§ **What is required**:
Leave every picture out and print exactly the lines that run from the one containing "Ceramic Premium Designer" to the end of the listing.

§ **Input data**:
Segment Open

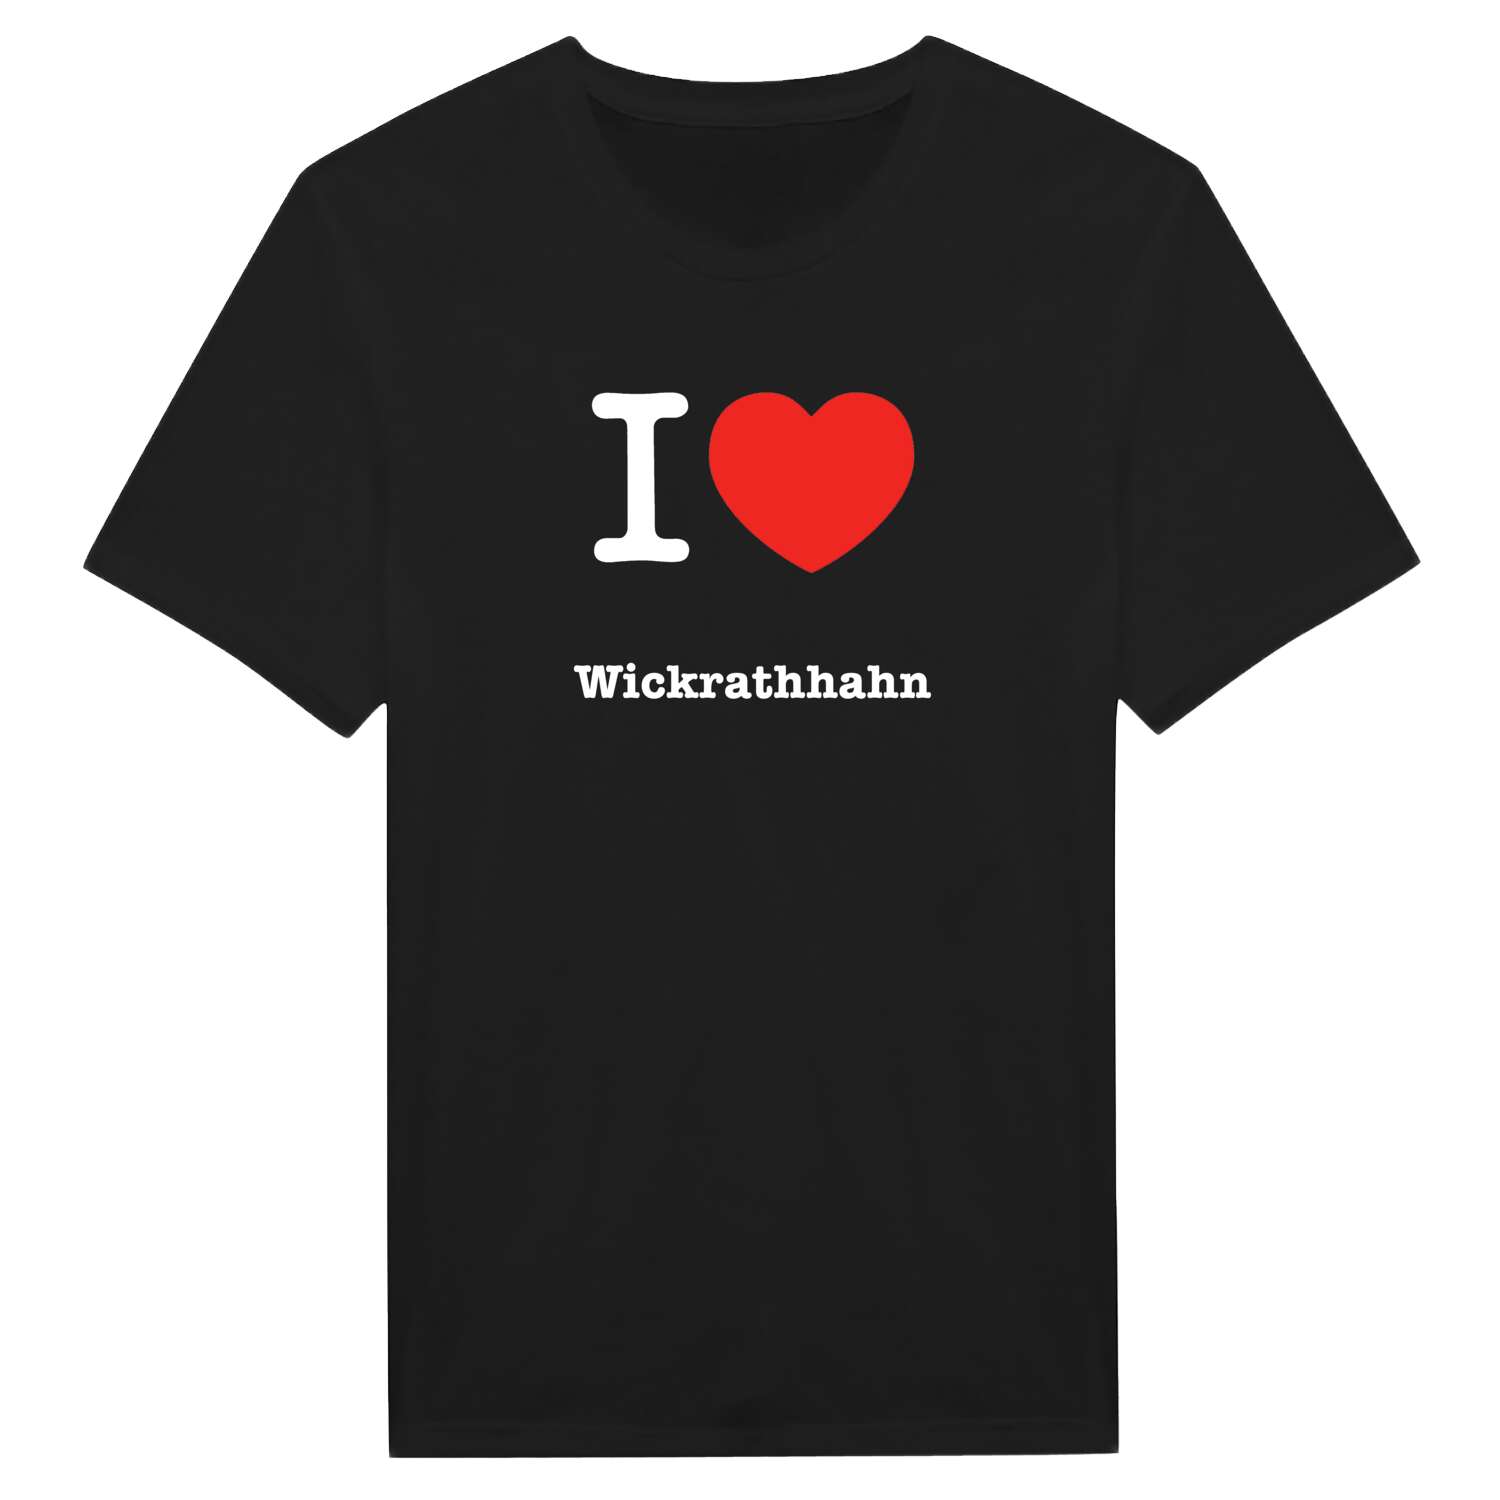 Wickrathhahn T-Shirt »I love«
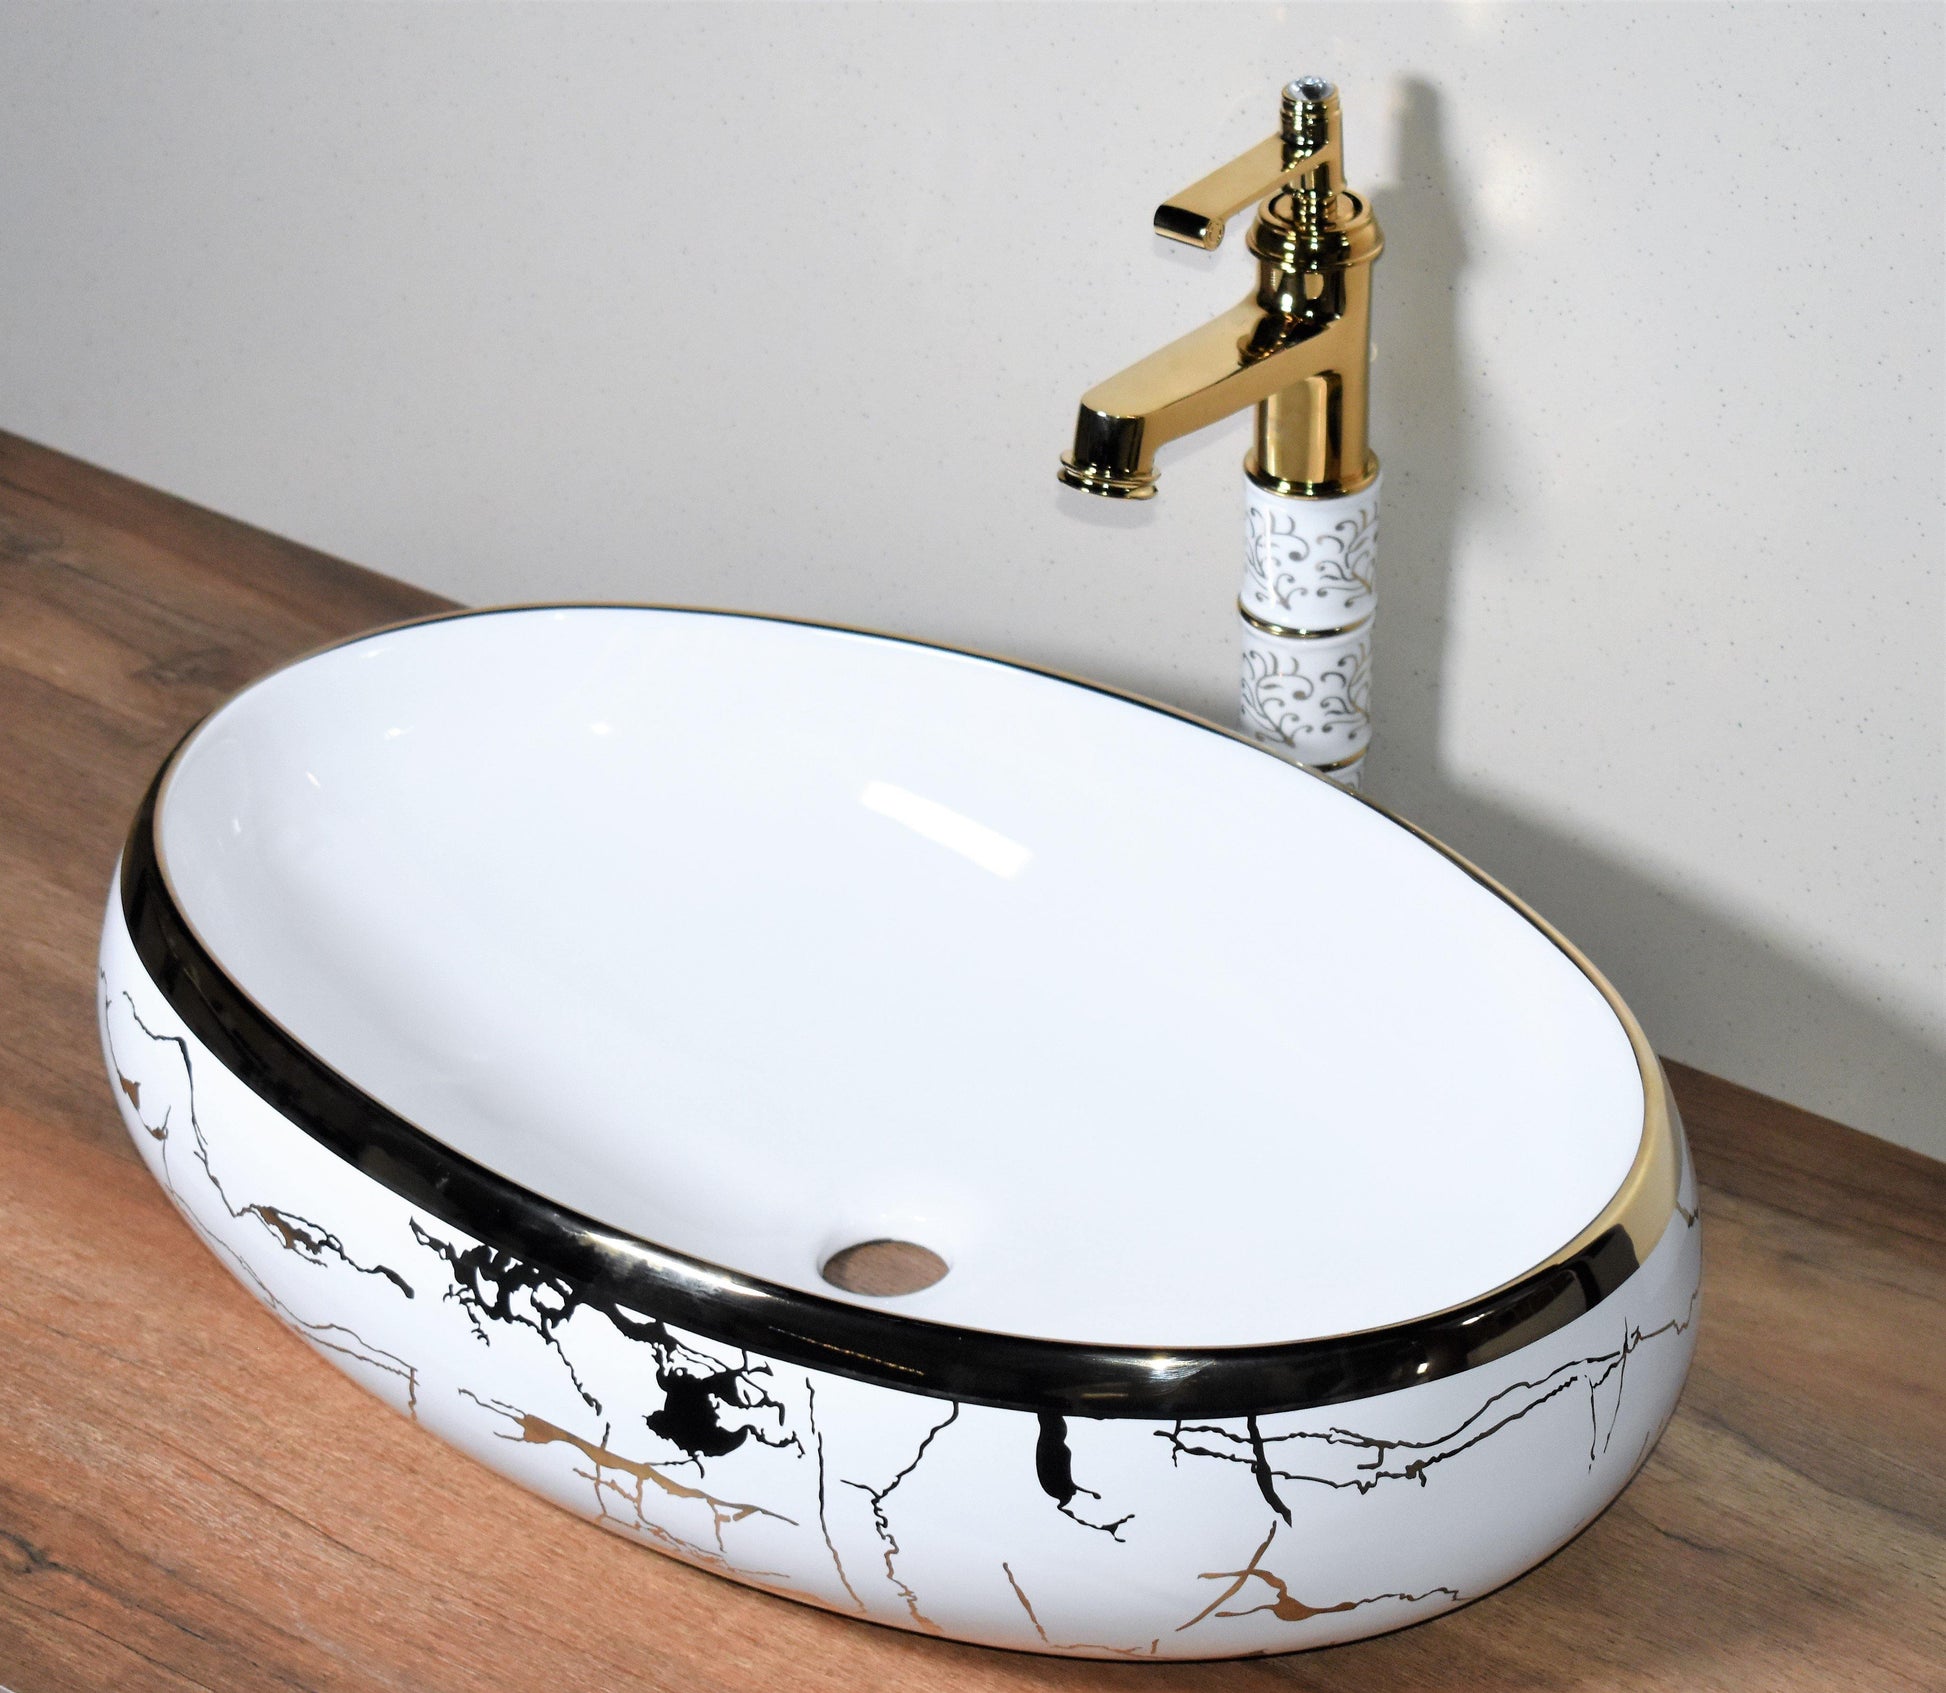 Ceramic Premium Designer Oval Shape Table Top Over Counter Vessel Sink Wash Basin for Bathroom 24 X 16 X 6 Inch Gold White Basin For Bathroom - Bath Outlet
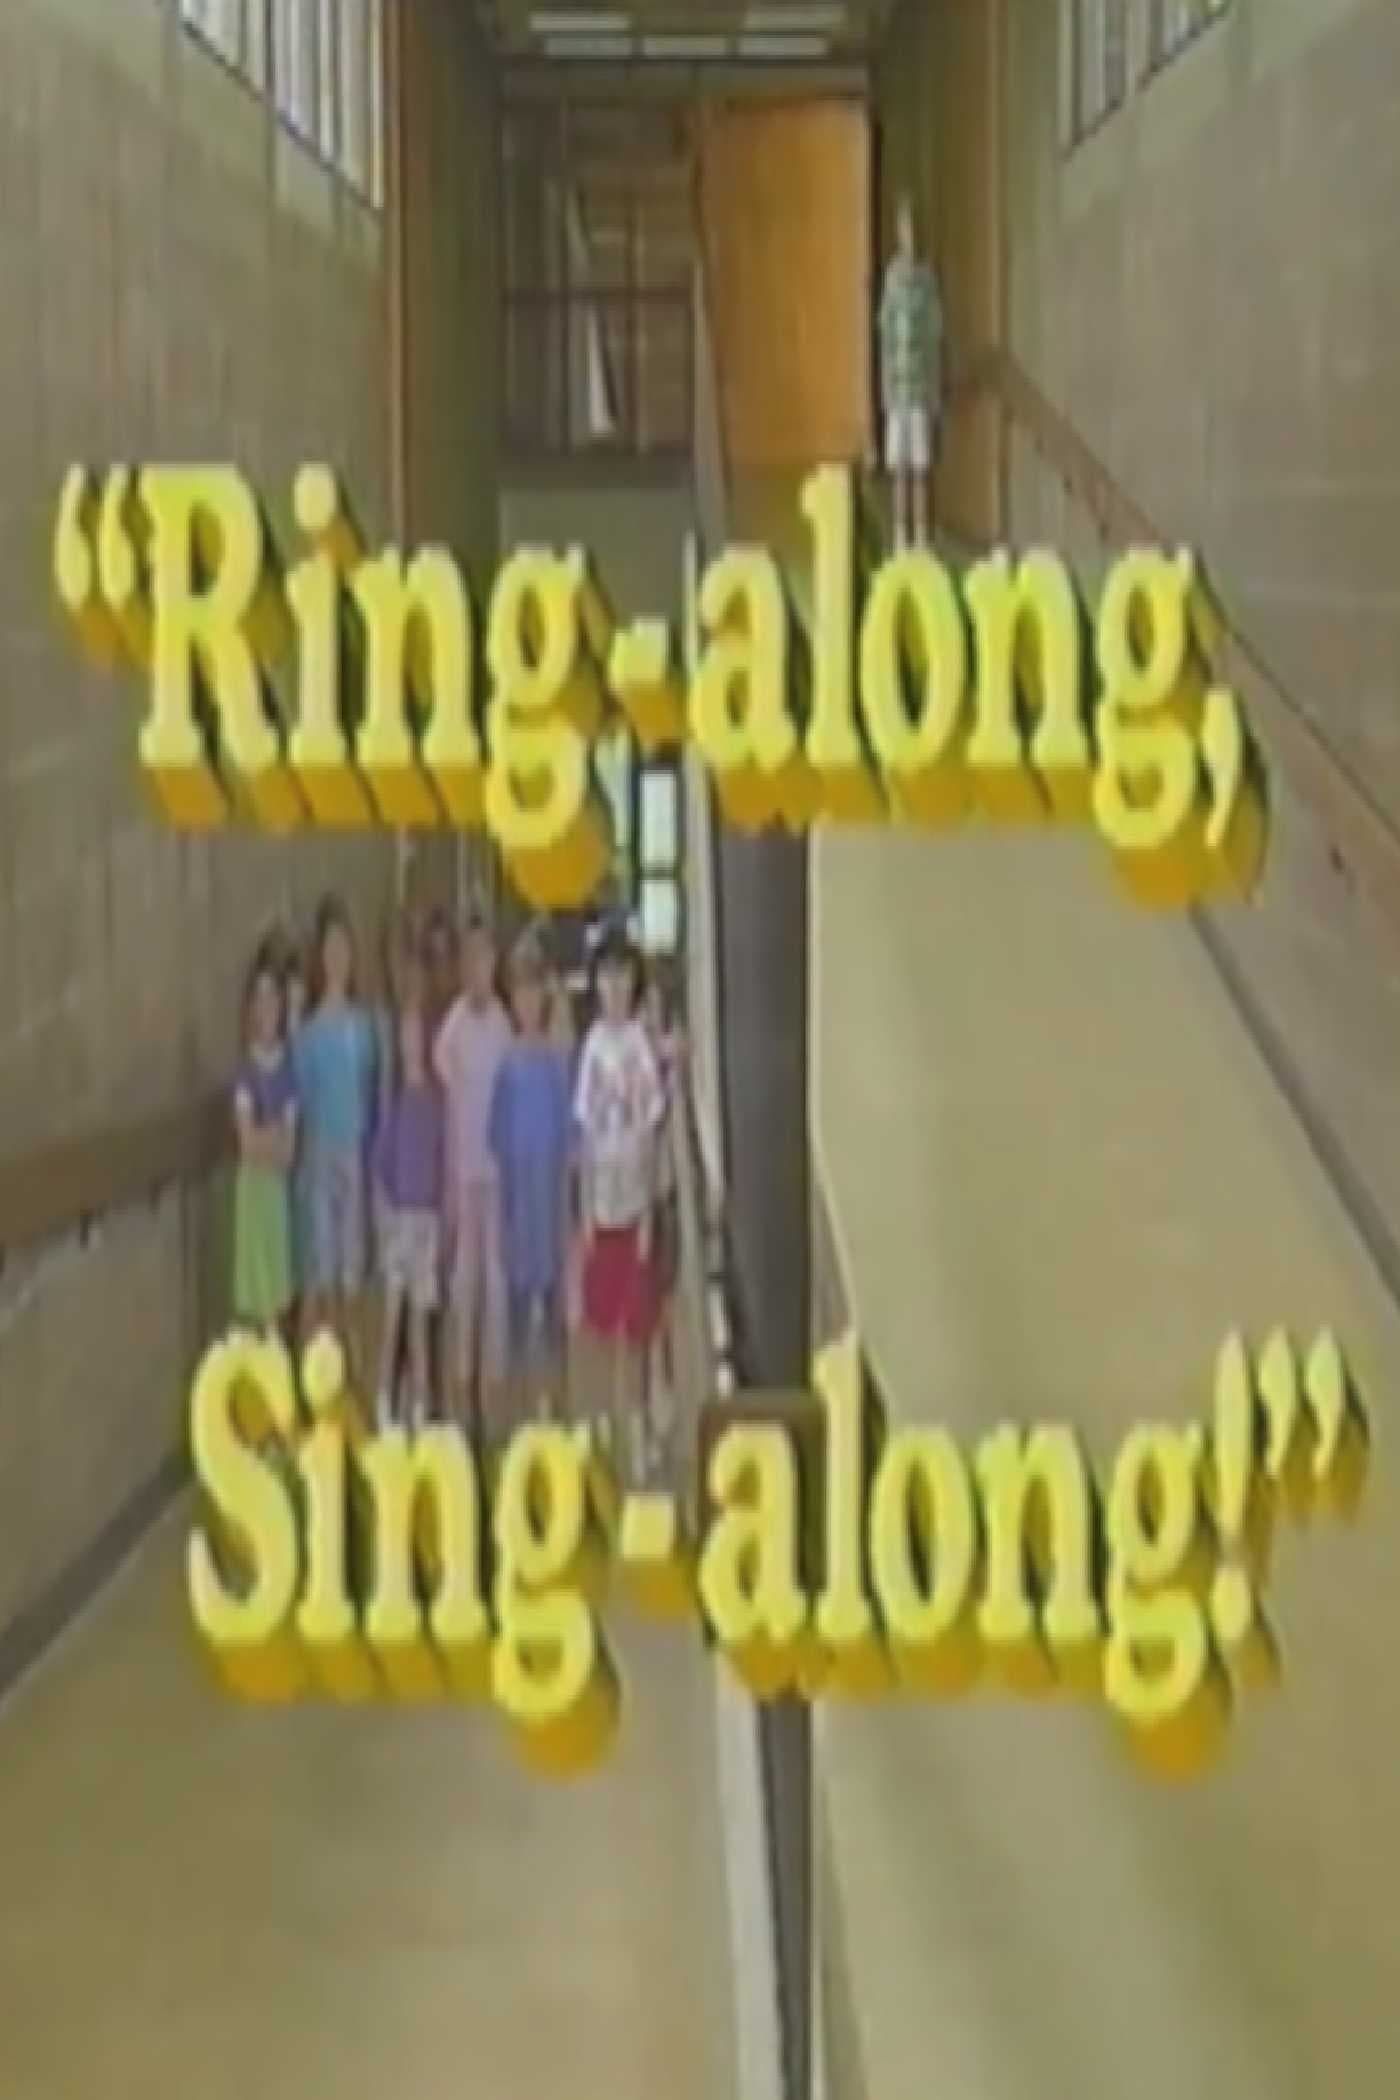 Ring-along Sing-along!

Segment Closed

§ **Completed exercise**:
 Ceramic Premium Designer Oval Shape Table Top Over Counter Vessel Sink Wash Basin for Bathroom 24 X 16 X 6 Inch Gold White Basin For Bathroom - Bath Outlet
 Ring-along Sing-along!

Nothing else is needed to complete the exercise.